In her portraiture mural, the layered mixed media canvas shows a painting of a simple brown curved vase crammed full of twigs, white open lilies and dotted pink daisies sitting neatly in front of a window framed with an ornately woven white curtain – the kind my siti would have had hanging by her bedroom window, with embroidery twirling over a sheer fabric base. Outside the window is a city of apartment buildings and sky rises destroyed and smoking. There is a fighter jet too – a reflection of the war that saw Amani’s grandmother’s death and her parents’ immigration to Sydney. Beauty coupled with anger. Under the vase sits a rebellious keffiyeh, a symbol of resistance and Palestinian solidarity. Meanwhile Ms Saffaa has become most well- known for her depiction of the shumakh on the head of a woman, emblazoned with #iammyownguardian. Her street art is plastered across Saudi Arabia as a call out for female independence from tyrannical guardianship laws.
In a second piece, a mural of varied faces, the women painted and hanging on the walls have a voice of their own. They glare with burnt charcoal eyes; one is draped in a hijab a sharp purple just like the resilient Lebanese adolya flowers that line the high altitude mountain village paths, sprouting through jagged rock. Another wears a hijab in the reassuring orange of a first responder’s uniform. One has her hair painted pink like bougainvillea, which is a theme in the exhibition; Haydar uses other native Australian flowers to frame the works.
Their rage, shown with thick deliberate lines and wide eyed bold faces are focused, unlike the historic images we have of women and flowers in art; the hidden face or downturned humility of a Degas ballerina, draped in flowers.
“We wanted to create a mural as a tribute to women who have been affected by violence and it was important to me that the figures in the mural represented some of the women who are often underrepresented in conversations about gender-based violence,” Haydar said in an email to me on the eve of the exhibition’s launch.

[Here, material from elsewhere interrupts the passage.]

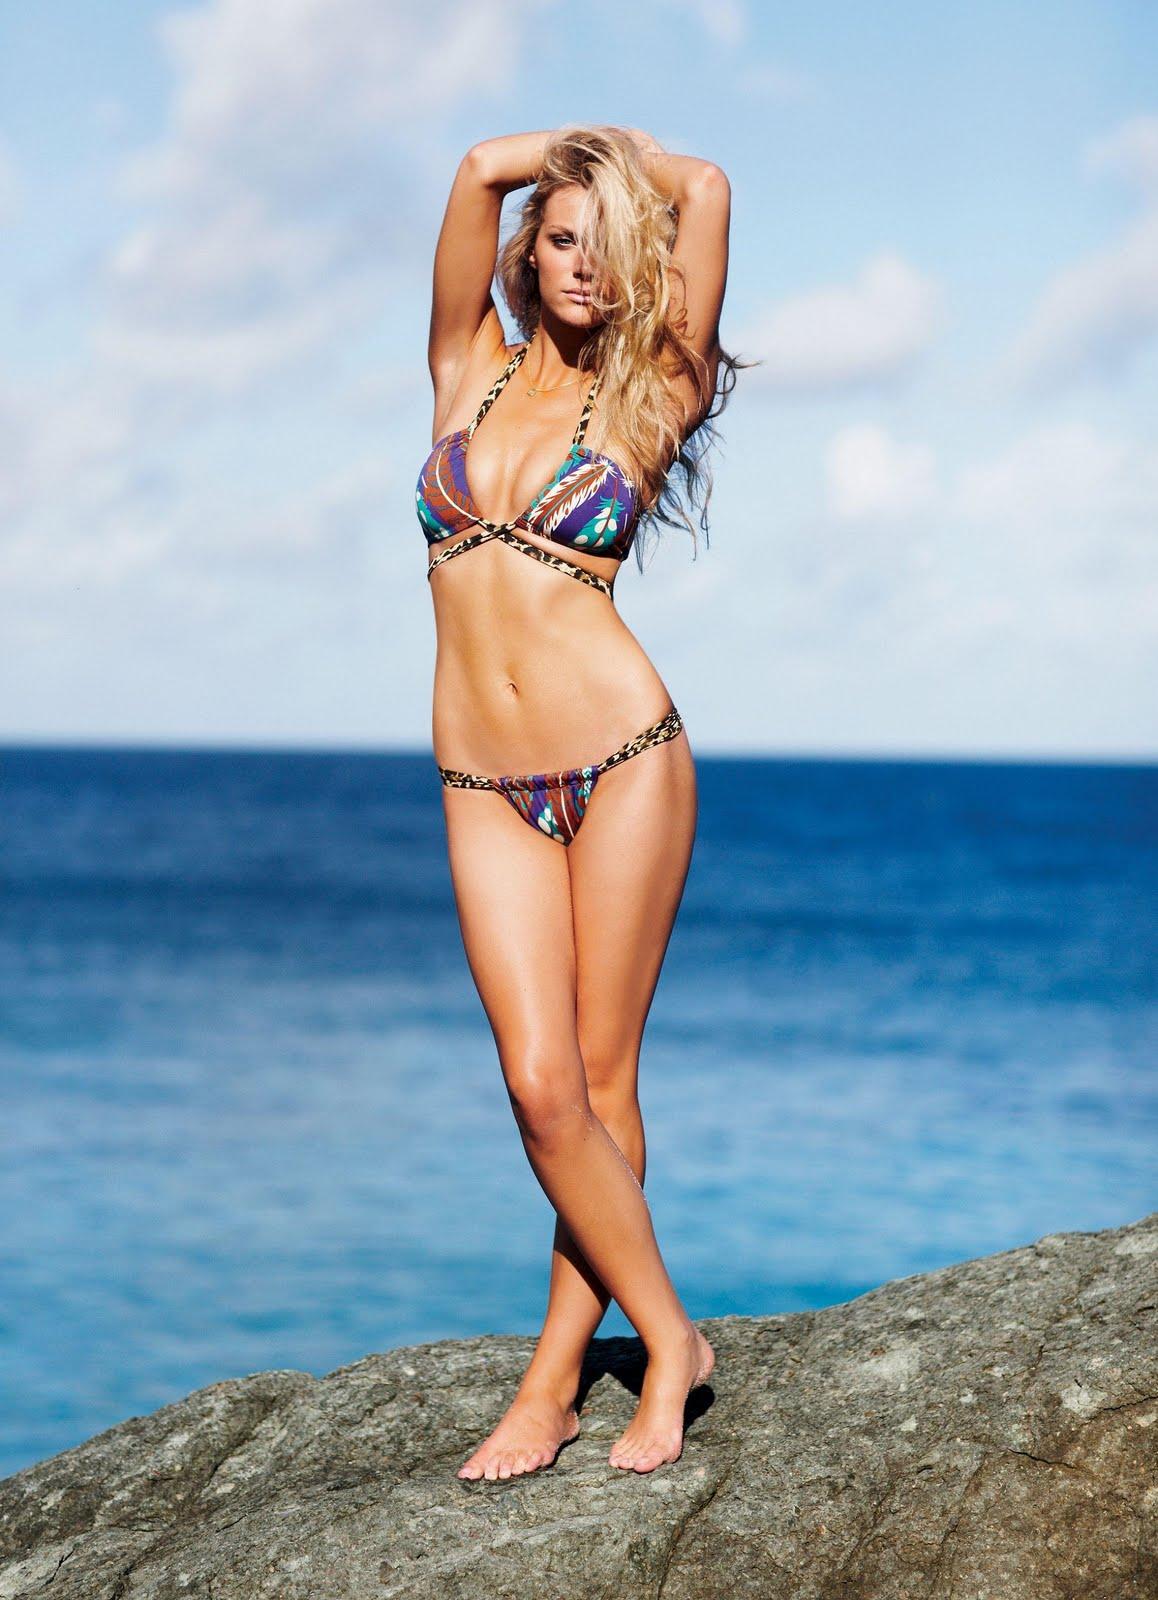 http://1.bp.blogspot.com/_zENnZobKPqM/S3ekEruVZYI/AAAAAAAACLU/s3TQj_5qVxY/s1600/Brooklyn_Decker__Victoria's_Secret_Swimsuit_2010.JPG

“Having been myself a victim and a survivor of domestic violence makes this exhibition one that is very close to my heart,” Saffaa also said to me when discussing her collaboration with Haydar.
In Painting Flowers, the two Arab-Australian women, who have had violence and patriarchy impact their lives, are now firmly staring down those responsible. An image I desperately needed to see, to start my own process of healing, moving on from my grief alone.
The exhibition Painting Flowers is as fierce as it is beautiful, shaking off the ideas of women’s passivity in their victimhood. Haydar and Saffaa are telling us that women are not vases watching on as the horrors of the world happen around them – it shows that our anger is justified, and we will be heard.